The effect of this response on my central nervous system was immediate and staggering.  If this were the Stone Age, I a caveman, and this student a saber tooth tiger – he wouldn’t stand a chance.  My face flooded with color, my heart rate reached dangerously high levels, and I’m pretty sure my hands went numb.  I was mute for 30 seconds, as I tried to formulate a coherent response.  A thousand thoughts ran through my head as I tried to assess my own feelings as well as the severity of his transgression – all of this under the gaze of 28 other students, each of them acutely aware that their teacher was now furious.

Every fiber of my being wanted to ask him to leave the class.  However, in the seconds I took to collect myself, I managed to come to the conclusion that this was not the best option.  I asked another student to explain why that was not an appropriate question or an appropriate time to answer it.  As calmly as possible, I told him that my lesson plans for both today and tomorrow were engineered to answer the very question he had just asked.  “I wasn’t listening” was his response.

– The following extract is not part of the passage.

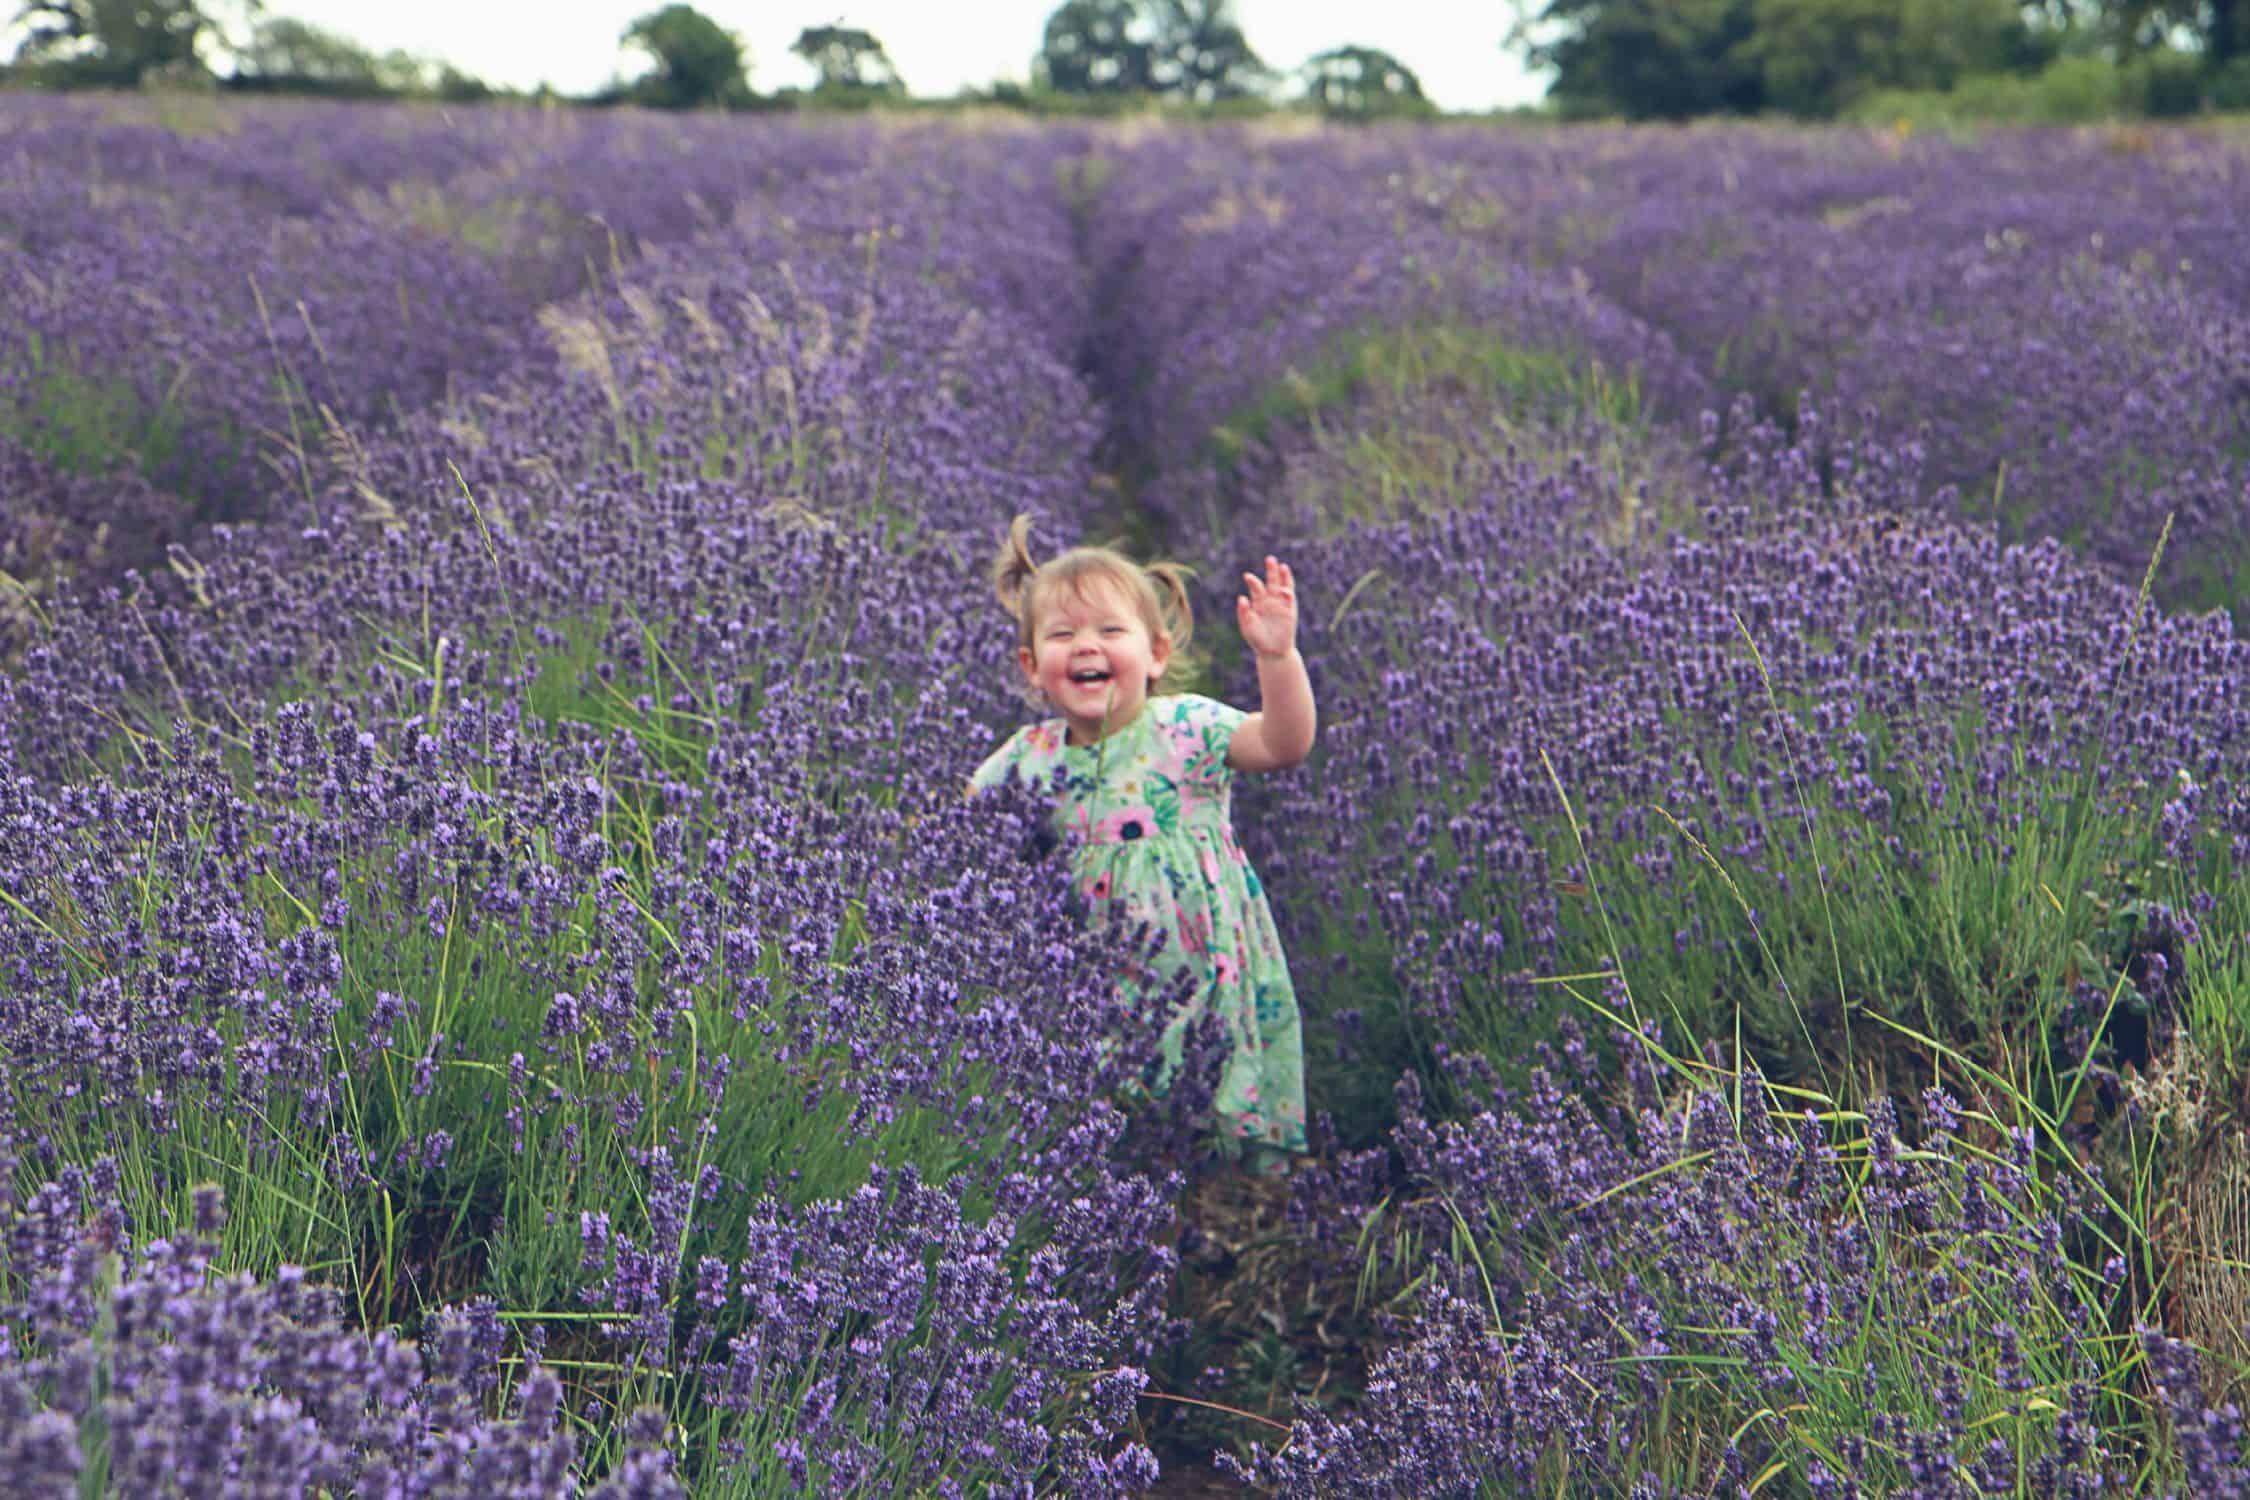 little girl running in lavender

I’m not sure I’m at a point yet that I’ve found the lesson in this experience, but I do know that it lies somewhere in listening and in perception.  How often do we fail to listen to another person, and in our responses incite a level of rage or hurt that we can’t even comprehend?  When I asked this student to stay after class, I actually said to him – “Do you understand how angry your question made me?”   He could see it on my face, but from his perspective, he didn’t do anything that wrong.  This experience taught me to be that much more mindful both of how well I listen as well as how I respond.

1 comment:

  1. That was my EVERY DAY when I taught sophomores at RISE. Because it happened so often, I just couldn't deal with teaching there any longer. On the plus side, if only one sophomore flipped your switch today, you have a chance to come down from that anger peak. Unfortunately, there's nothing to learn here, except that...sophomores sometimes don't listen and it is infuriating. Lord knows we probably made a few teachers red-faced in anger when we were 16!

    p.s. A Tale of Two Cities was definitely one of those books that I didn't read and scammed my way through with a B for the unit. I may not have been listening, but I know better than to ask what it was about!